Back

cb's JNovel Formatter

#76
I think I traced my sudden ability to use the layout settings to first running 32-bit version of 7-zip w/ MS AppLocale to unzip the txtmiru2.zip file, and then running the unzipped .exe w/ MS AppLocale. Then I manually selected the fonts (even w/o changing them I think they need to be reselected manually? Make sure the running head font is ‘normal’ while others have @) and applied the settings and closed the dialogue, then opened the layout settings successfully, and finally it generated the Layout folder and .lay files. Whew. ;p

From there I was able to mess with the size and placement of all the text, but you still can't switch it to a single page, as far as I can tell.

I also experimented with running the program w/o MS AppLocale, after copying the Layout folder from elsewhere. The dialogue window opened, then the program crashed.
Edited: 2011-04-09, 3:39 pm
Reply
#77
Okay, if you really want just the one page at a time, you can use the first version of TxtMiru (w/ Shift_JIS files): http://www.vector.co.jp/soft/win95/util/se180707.html

Doesn't seem to convert images, but it handles basics like furigana. No page animations, just a single continuous window that you can resize. You can change font size in the normal settings dialogue. Selectable text.

I'm sure theoretically you could, once you got the layout settings in version 2.0 working, arrange the text so that it's like a single page. Maybe. The のど field seems to reduce the middle margin when you change to 0. Anyway, I give up. Now you've got me obsessed even though I don't want it single page.
Edited: 2011-04-09, 9:52 pm
Reply
#78
Using AppLocale and changing all of the default fonts seems to have allowed me to open the layout dialog.
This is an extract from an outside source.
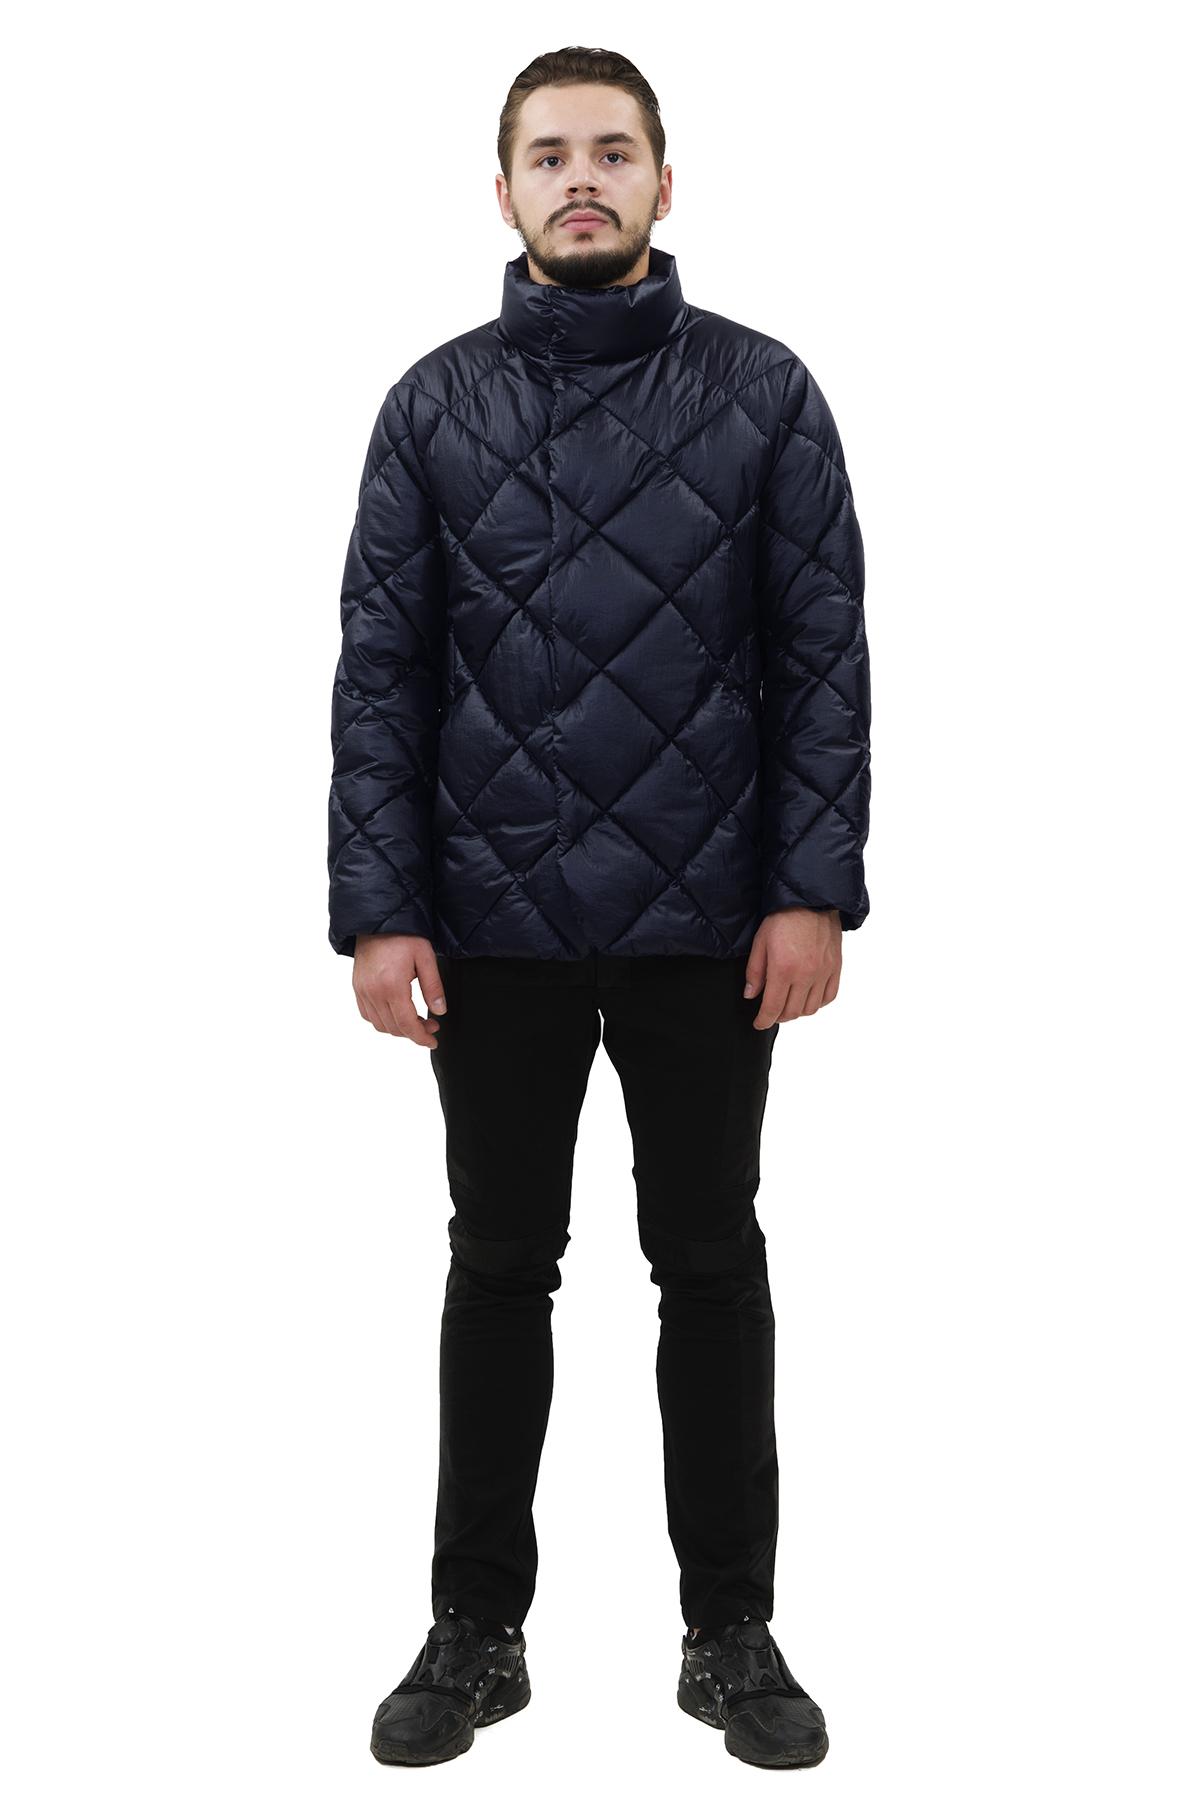 КурткаЗимние мужские куртки, пуховики<br>Модная дизайнерская куртка Doctor E - отличный вариант для стильных и уверенных в себе мужчин. Интересная фактура ткани не оставит Вас равнодушным к этой модели.<br><br>Цвет: синий<br>Состав: 100% полиэстер Утеплитель: синтепух<br>Размер: 56<br>Страна дизайна: Россия<br>Страна производства: Россия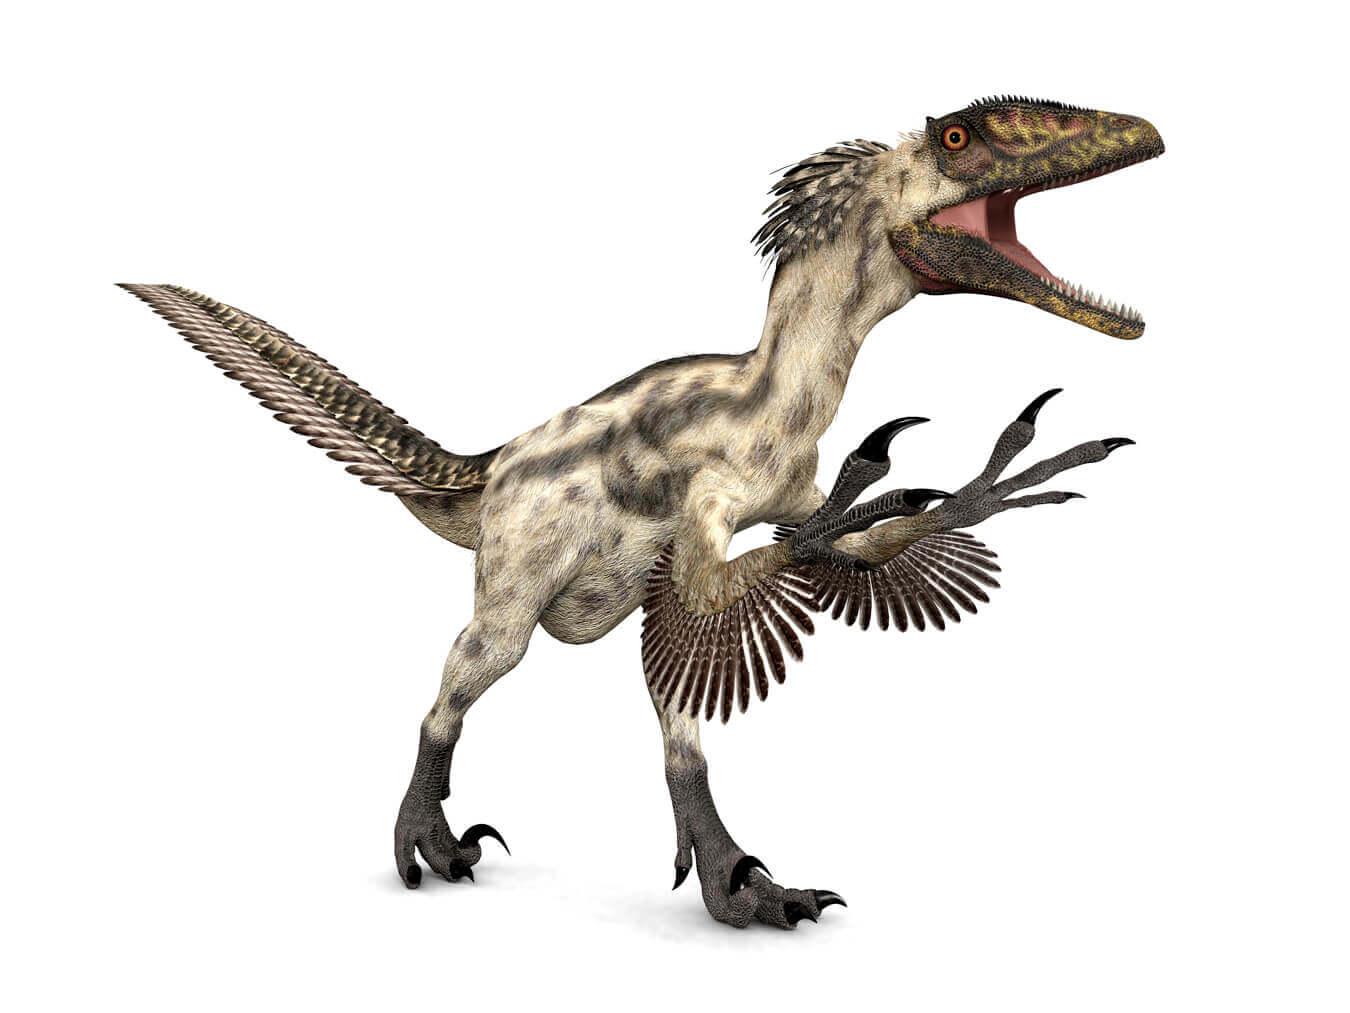 羽毛 ティラノサウルス ティラノサウルス毛が生えていた 茨城県自然博物館

However, increasing the font size results in overlapping text and text that flows outside of the white page area and into the gray background area.

I tried version 1, but was put off by its lack of anti-aliased fonts and inability to scroll with my mouse's scroll wheel.
Edited: 2011-04-10, 11:00 am
Reply
May 16 - 30 : Pretty Big Deal: Save 31% on all Premium Subscriptions! - Sign up here
JapanesePod101
#79
Yeah TxtMiru1 is rubbish compared to 2.0. ;p

I just tested TxtMiru2 on my tm2 and I can see how it could get irksome. Especially when I had it in tablet mode and it became very small. Perhaps 3.0... ?
Reply
#80
Wanted to format a pdf with vertical japanese from a novel (.txt), but Aozora produces only wierd stuff instead of kana and kanji in the file. Do I need to open the txt first and convert it into UTF-8? If so, I tried this already and ticked the 'UTF-8' in the application, but same result, only bogus...
Reply
#81
Tori-kun Wrote:Wanted to format a pdf with vertical japanese from a novel (.txt), but Aozora produces only wierd stuff instead of kana and kanji in the file. Do I need to open the txt first and convert it into UTF-8? If so, I tried this already and ticked the 'UTF-8' in the application, but same result, only bogus...
青P seems to only work with UTF-8 inputs. So after conversion, it should have worked fine. I wonder if your file would display correctly with TextMiru2.
Reply
#82
Well, conversion that means with me, opening the txt file in Programmer's notepad and ticking the Encoding->UTF-8 and saving afterwards (!). Though, if I open the file in Programmer's notepad still bogus is displayed, whereas txtmiru does a fine job (unfortunately no 'save'-option is given, darn!) no plan what's wrong o0
Reply
#83
@Tori-kun

Did you tick Encode in UTF-8 or Convert to UTF-8?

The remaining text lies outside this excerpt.